DATA RECORDS.
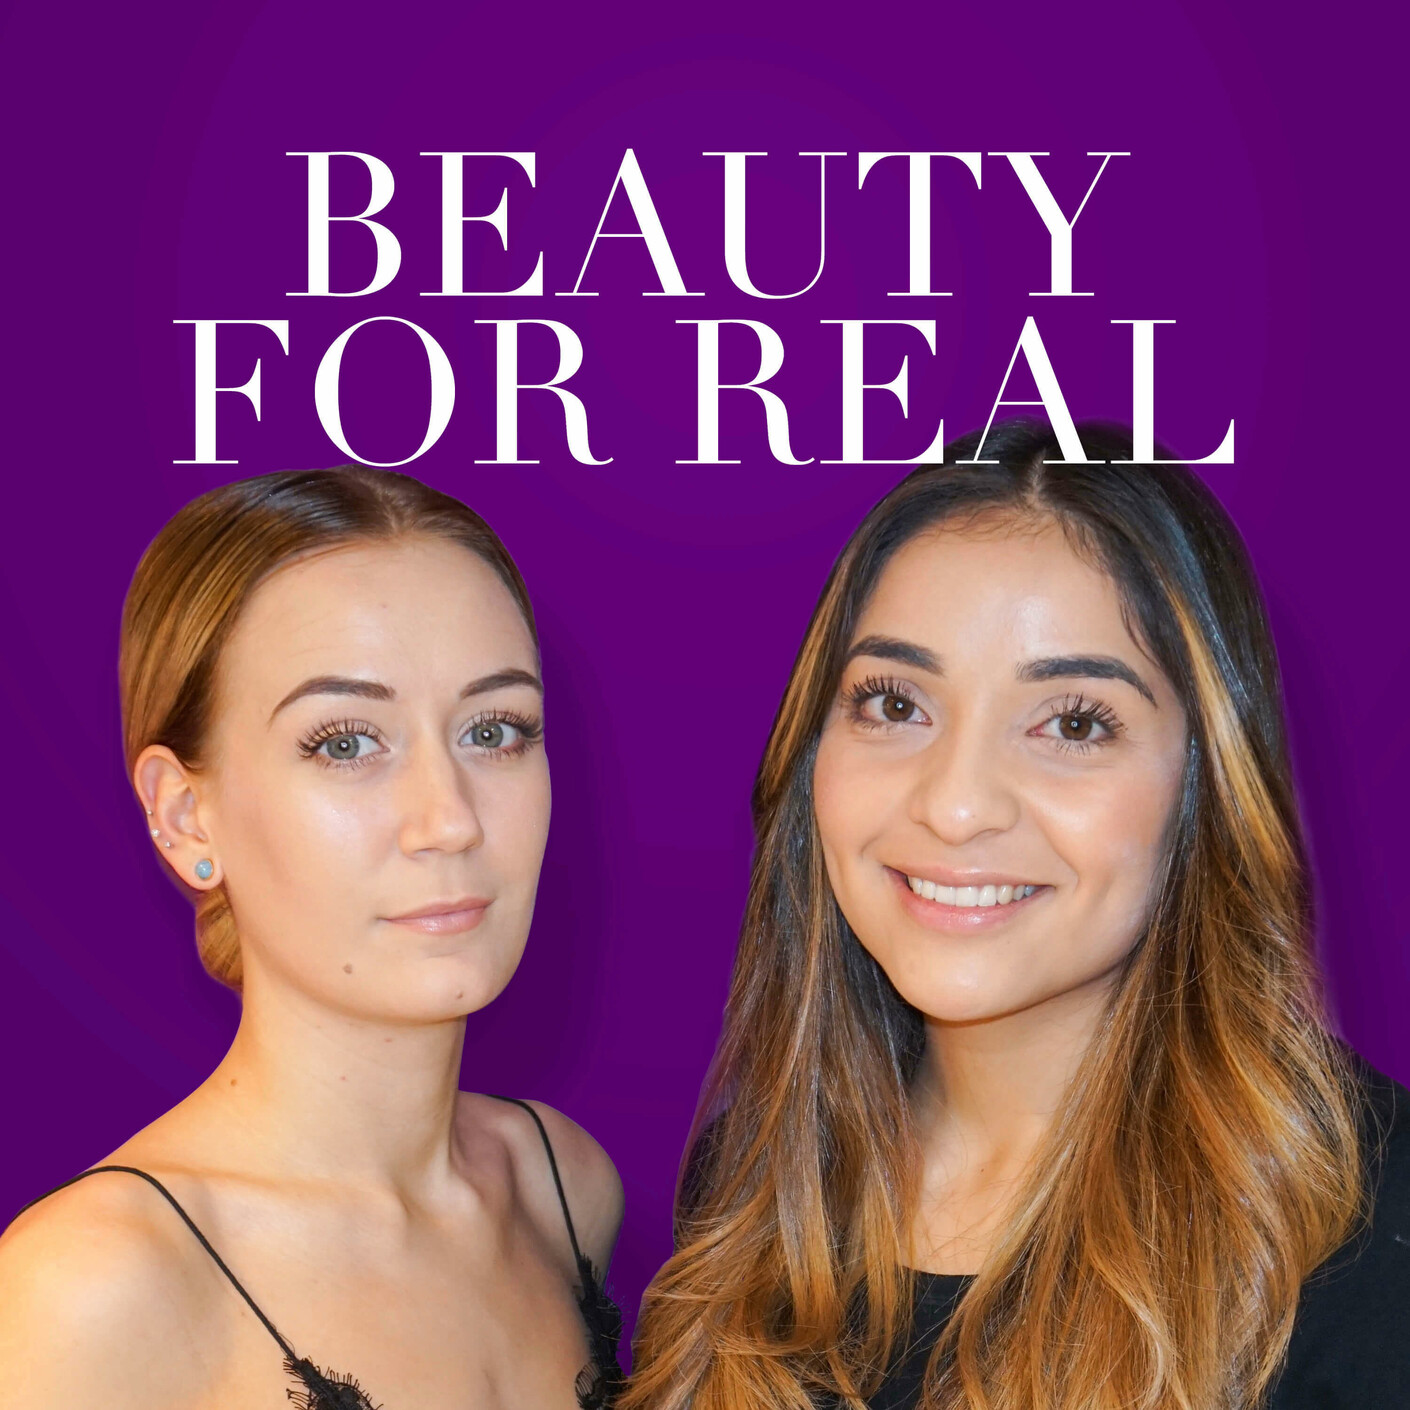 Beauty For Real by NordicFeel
...
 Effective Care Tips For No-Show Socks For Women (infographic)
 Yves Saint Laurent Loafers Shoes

YOUR OBJECTIVE. The required output is every line above from the one with "Effective Care Tips" down to the one with "Yves Saint Laurent Loafers Shoes", restated word for word, ends included.

ANSWER AREA.
 Effective Care Tips For No-Show Socks For Women (infographic)
 Yves Saint Laurent Loafers Shoes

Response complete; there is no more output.